**Problem to work on:**
Make an exact copy of the listing below. Pictures stay out of it.

**Data section:**

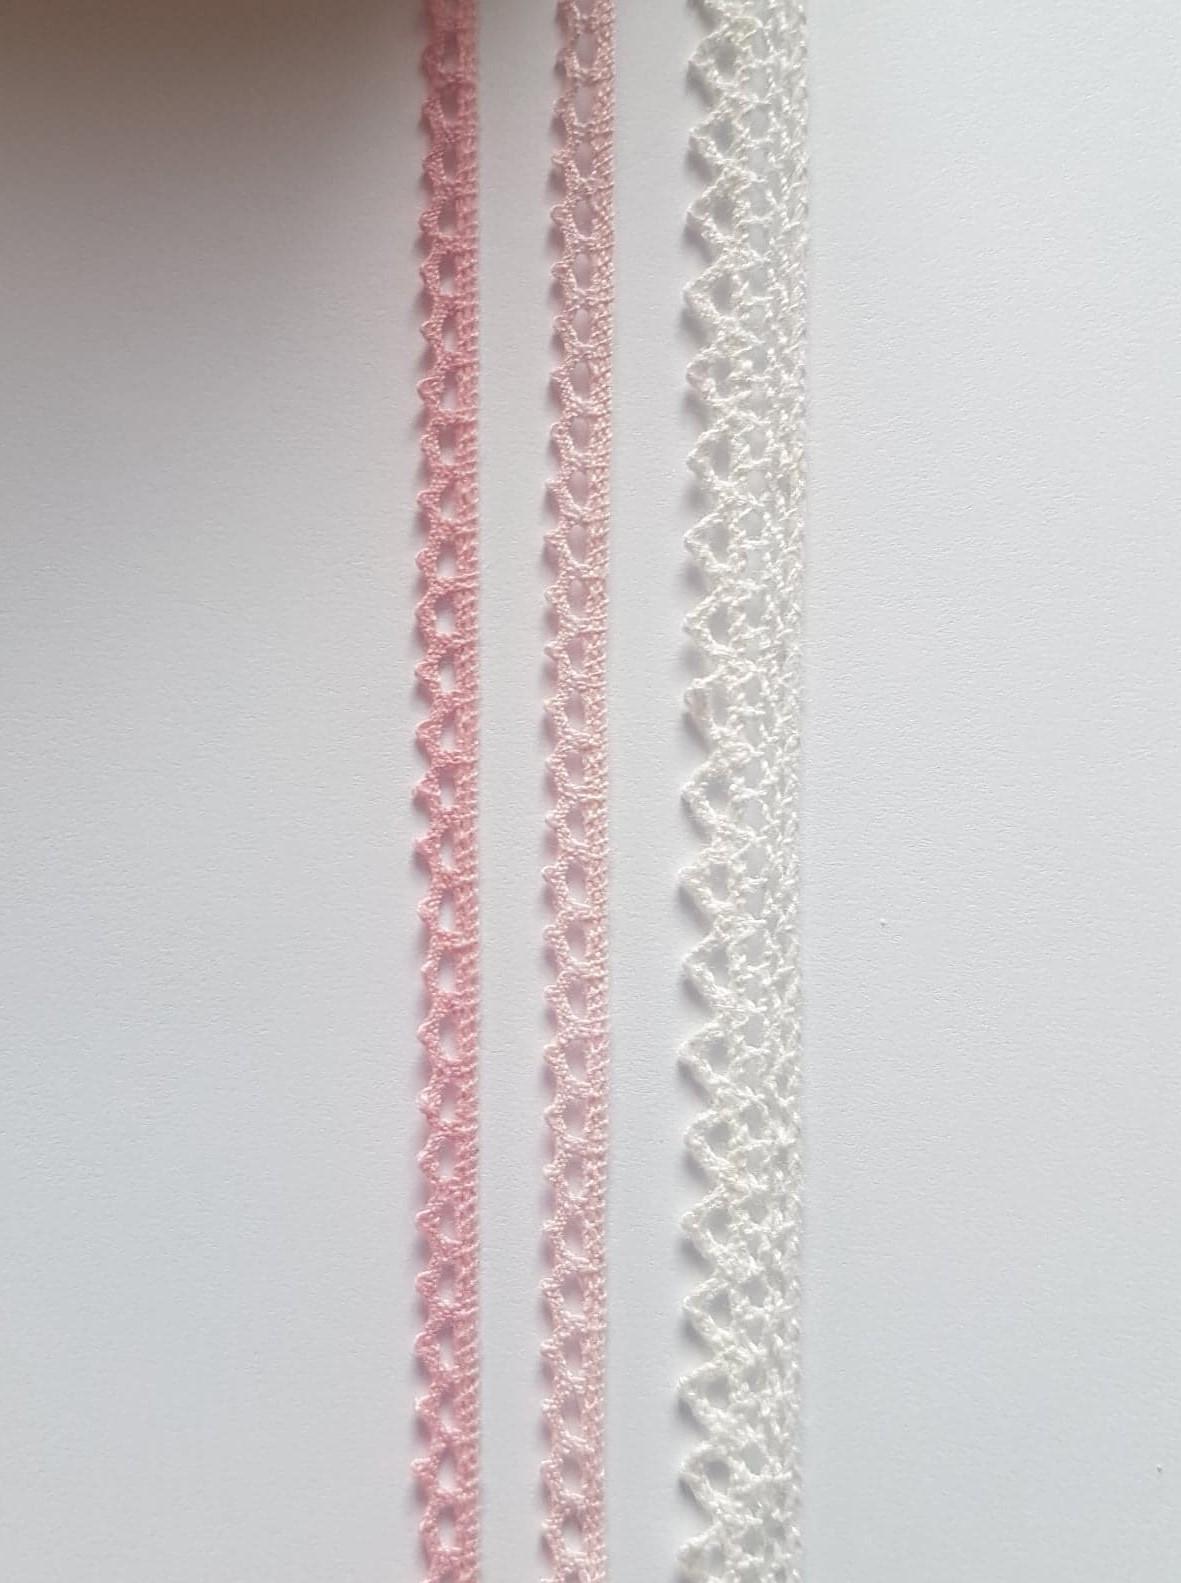 bavlnena cipka s. 12 mm biela a 7 mm ruzova - Obrázok č. 1
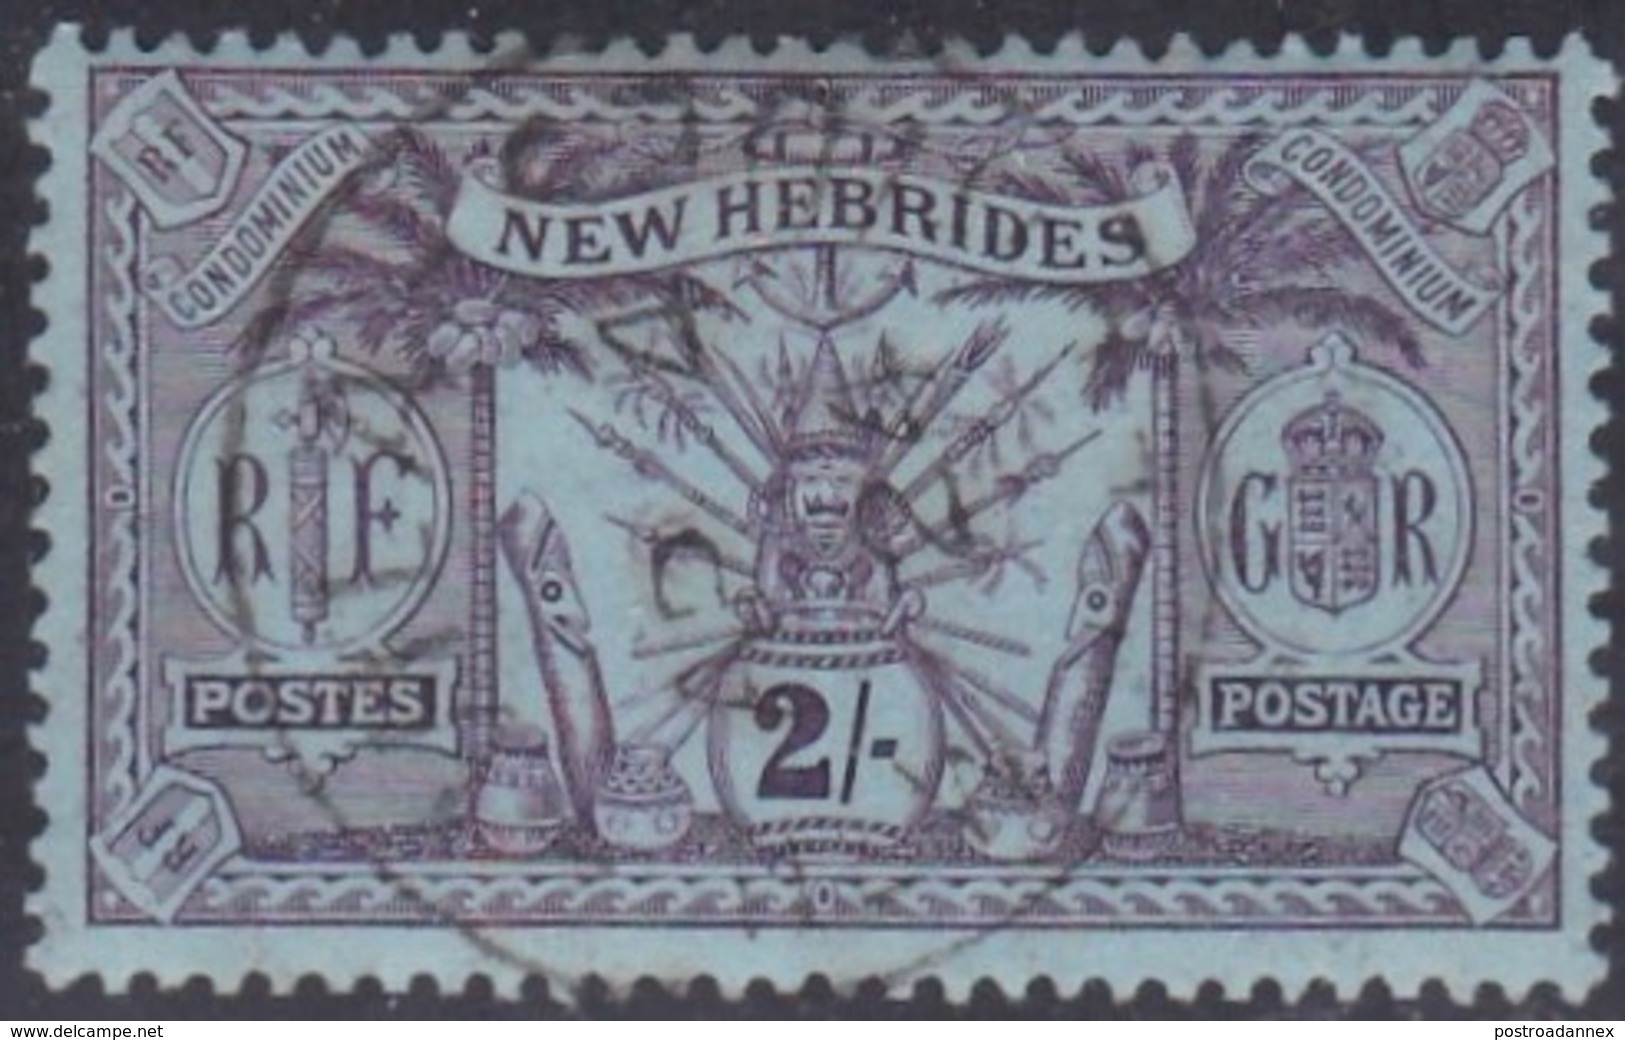 New Hebrides, Scott #24, Used, Idol, Issued 1911 - English Legend
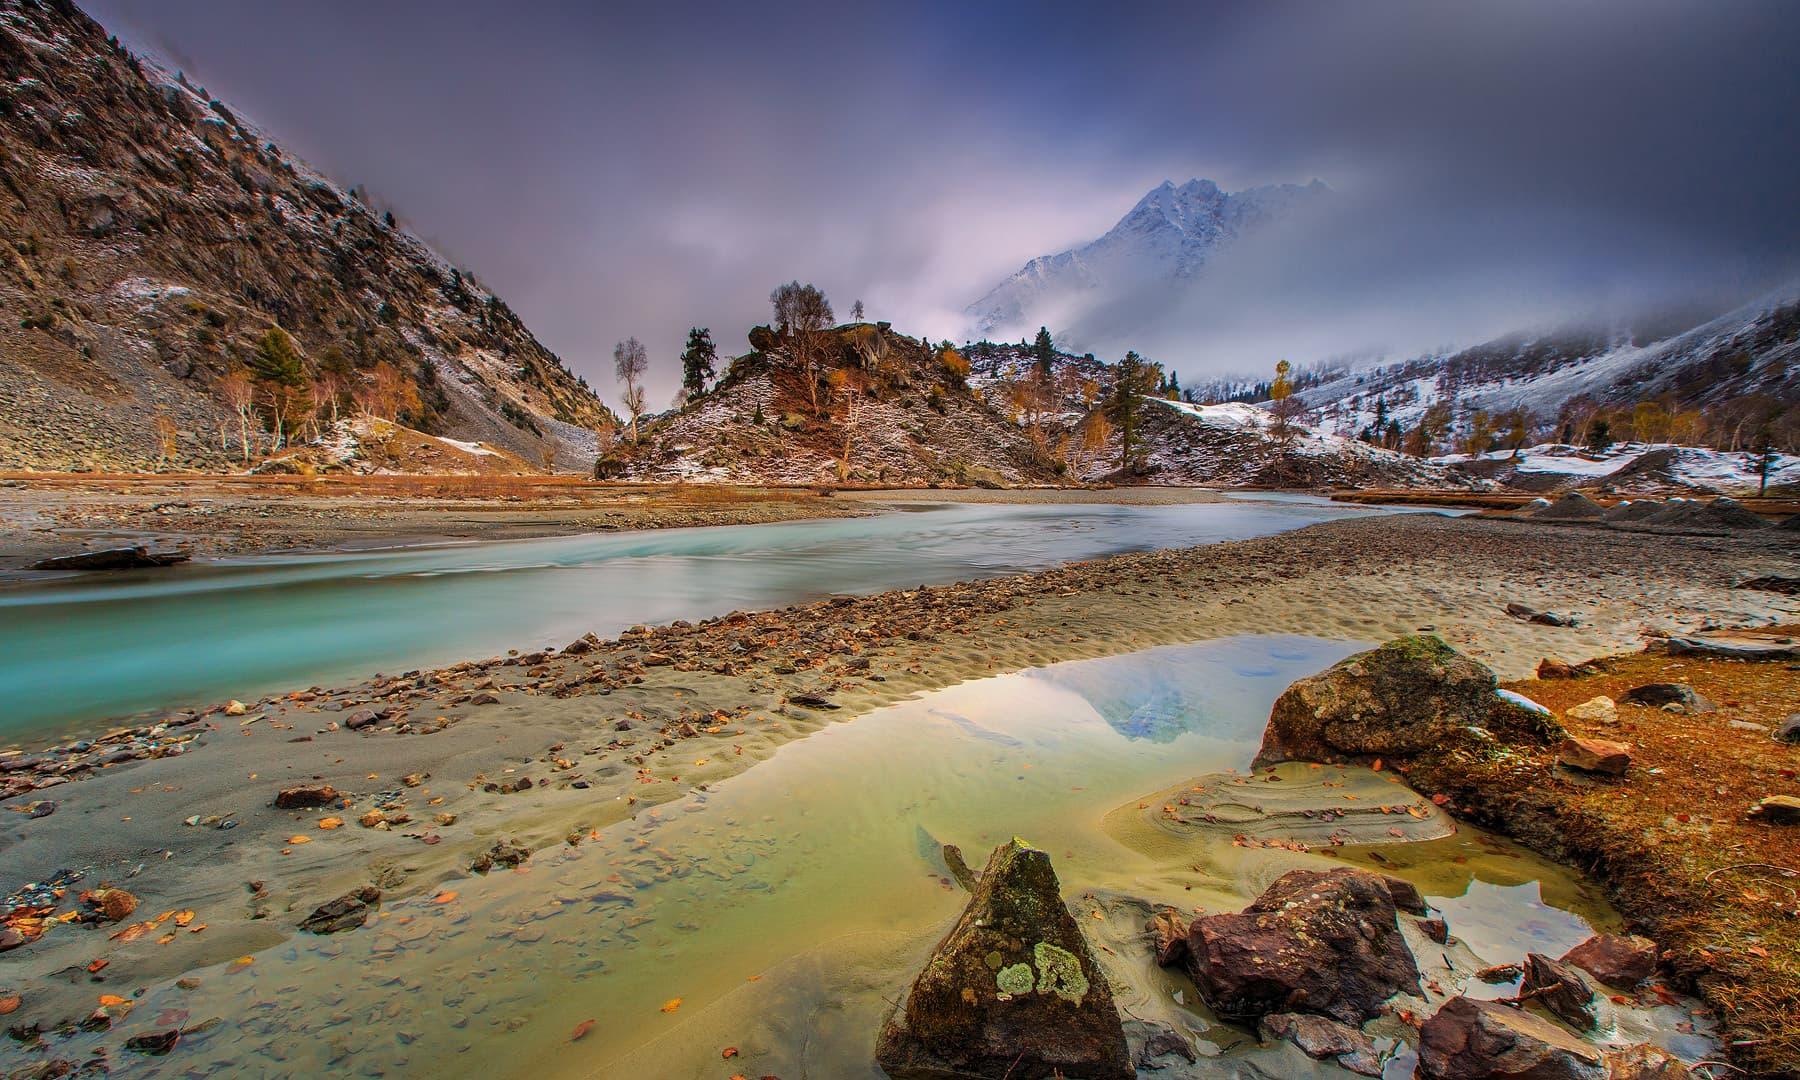 Naltar river. — Syed Mehdi Bukhari

**Answer area:**
 bavlnena cipka s. 12 mm biela a 7 mm ruzova - Obrázok č. 1
 New Hebrides, Scott #24, Used, Idol, Issued 1911 - English Legend
 Naltar river. — Syed Mehdi Bukhari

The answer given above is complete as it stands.